For more information about the Python demos go to demo/python.
C Demos
Build the demo:
cmake -S demo/c/ -B demo/c/build && cmake --build demo/c/build
Index a given audio file:
./demo/c/build/octopus_index_demo ${LIBRARY_PATH} ${ACCESS_KEY} ${AUDIO_PATH} ${INDEX_PATH}
Then search the index for a given phrase:
./demo/c/build/octopus_search_demo ${LIBRARY_PATH} ${MODEL_PATH} ${ACCESS_KEY} ${INDEX_PATH} ${SEARCH_PHRASE}
Replace ${LIBRARY_PATH}
with path to appropriate library available under lib, ${ACCESS_KEY}
with AccessKey obtained from Picovoice Console, ${AUDIO_PATH}
with the path to a given audio file and format, ${INDEX_PATH}
with the path to cached index file and ${SEARCH_PHRASE}
to a search phrase.
For more information about C demos go to demo/c.
Android Demos
Using Android Studio, open demo/android/OctopusDemo as an Android project.
Replace "${YOUR_ACCESS_KEY_HERE}"
inside MainActivity.java with your AccessKey obtained from Picovoice Console. Then run the demo.
For more information about Android demos go to demo/android.
iOS Demos
From the demo/ios/OctopusDemo, run the following to install the Octopus CocoaPod:
pod install
Replace "{YOUR_ACCESS_KEY_HERE}"
inside ViewModel.swift
with your AccessKey obtained from Picovoice Console. Then, using Xcode, open the generated OctopusDemo.xcworkspace
and run the application.
For more information about iOS demos go to demo/ios.
Web Demos
From demo/web run the following in the terminal:
yarn
yarn start
(or)
npm install
npm run start
Open http://localhost:5000
in your browser to try the demo.
SDKs
Python
Create an instance of the engine:
import pvoctopus
access_key = "" # AccessKey provided by Picovoice Console (https://picovoice.ai/console/)
handle = pvoctopus.create(access_key=access_key)
Index your raw audio data or file:
audio_data = [..]
metadata = handle.index(audio_data)
# or
audio_file_path = "/path/to/my/audiofile.wav"
metadata = handle.index_file(audio_file_path)

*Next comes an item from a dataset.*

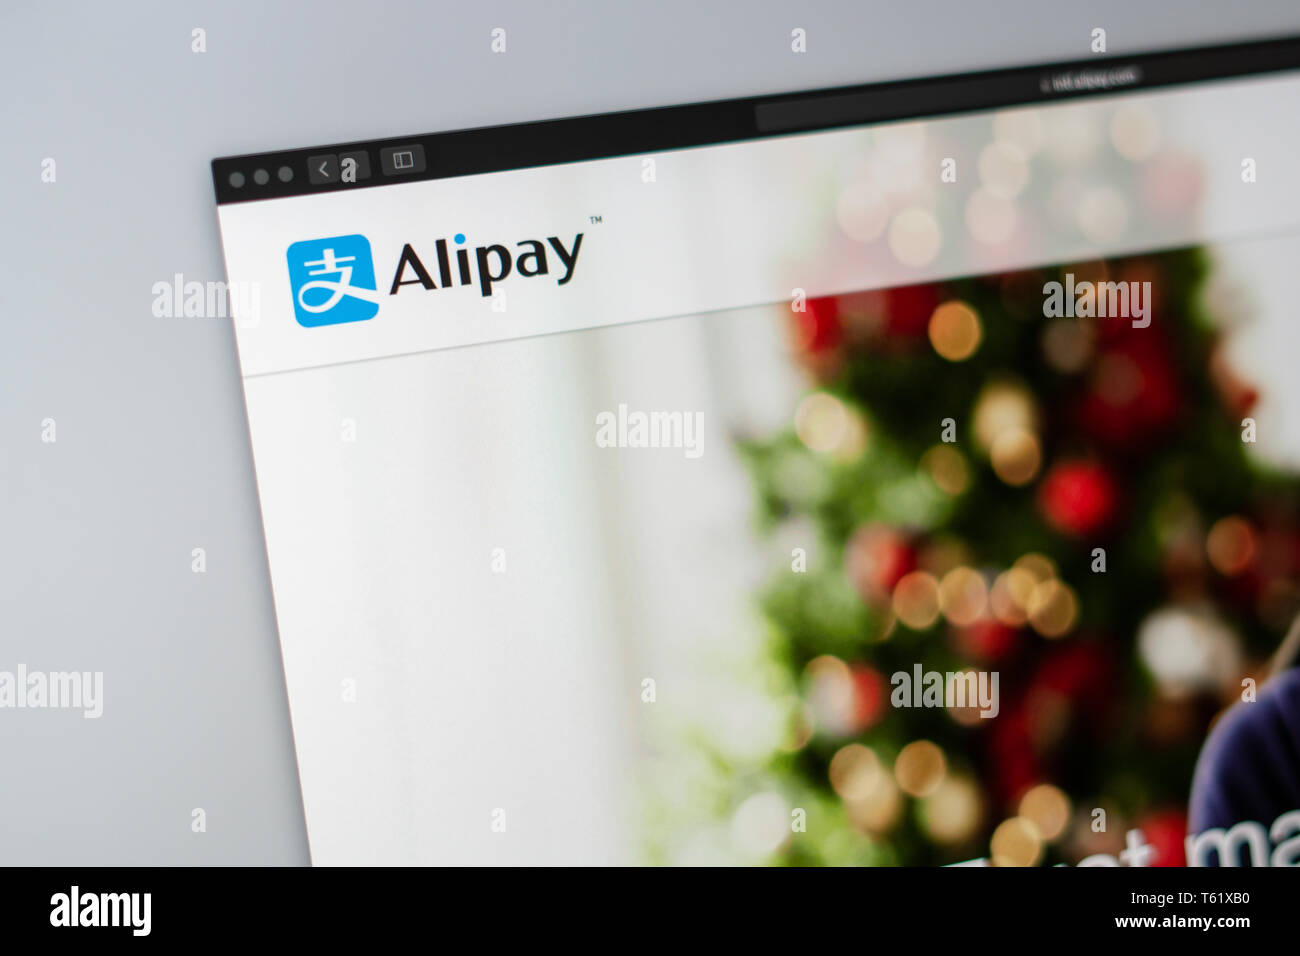 Alipay Startseite. Nahaufnahme von alipay Logo. Kann als illustrative für Medien oder anderen Websites, gut für Info oder Marketing verwendet werden. Stockfoto

Then search the metadata for phrases:
avocado_matches = matches['avocado']
for match in avocado_matches:
print(f"Match for `avocado`: {match.start_sec} -> {match.end_sec} ({match.probablity})")
When done the handle resources have to be released explicitly:
handle.delete()
C
pv_octopus.h header file contains relevant information. Build an instance of the object:
const char *model_path = "..."; // absolute path to the model file available at `lib/common/octopus_params.pv`
const char *access_key = "..." // AccessKey provided by Picovoice Console (https://picovoice.ai/console/)
pv_octopus_t *handle = NULL;
pv_status_t status = pv_octopus_init(access_key, model_path, &handle);
if (status != PV_STATUS_SUCCESS) {
// error handling logic
}
Index audio data using constructed object:
const char *audio_path = "..."; // absolute path to the audio file to be indexed
void *indices = NULL;
int32_t num_indices_bytes = 0;
pv_status_t status = pv_octopus_index_file(handle, audio_path, &indices, &num_indices_bytes);
if (status != PV_STATUS_SUCCESS) {
// error handling logic
}
Search the indexed data:
const char *phrase = "...";
pv_octopus_match_t *matches = NULL;
int32_t num_matches = 0;
pv_status_t status = pv_octopus_search(handle, indices, num_indices_bytes, phrase, &matches, &num_matches);
if (status != PV_STATUS_SUCCESS) {
// error handling logic
}
When done be sure to release the acquired resources:
pv_octopus_delete(handle);
Android
Create an instance of the engine:
import ai.picovoice.octopus.*;
final String accessKey = "..."; // AccessKey provided by Picovoice Console (https://picovoice.ai/console/)
try {
Octopus handle = new Octopus.Builder(accessKey).build(appContext);
} catch (OctopusException ex) { }
Index audio data using constructed object:
final String audioFilePath = "/path/to/my/audiofile.wav"
try {
OctopusMetadata metadata = handle.indexAudioFile(audioFilePath);
} catch (OctopusException ex) { }
Search the indexed data:
HashMap <String, OctopusMatch[]> matches = handle.search(metadata, phrases);
for (Map.Entry<String, OctopusMatch[]> entry : map.entrySet()) {
final String phrase = entry.getKey();
for (OctopusMatch phraseMatch : entry.getValue()){
final float startSec = phraseMatch.getStartSec();
final float endSec = phraseMatch.getEndSec();
final float probability = phraseMatch.getProbability();
}
}
When done be sure to release the acquired resources:
metadata.delete();
handle.delete();
iOS
Create an instance of the engine:
import Octopus
let accessKey : String = // .. AccessKey provided by Picovoice Console (https://picovoice.ai/console/)
do {
let handle = try Octopus(accessKey: accessKey)
} catch { }
Index audio data using constructed object:
let audioFilePath = "/path/to/my/audiofile.wav"
do {
let metadata = try handle.indexAudioFile(path: audioFilePath)
} catch { }
Search the indexed data:
let matches: Dictionary<String, [OctopusMatch]> = try octopus.search(metadata: metadata, phrases: phrases)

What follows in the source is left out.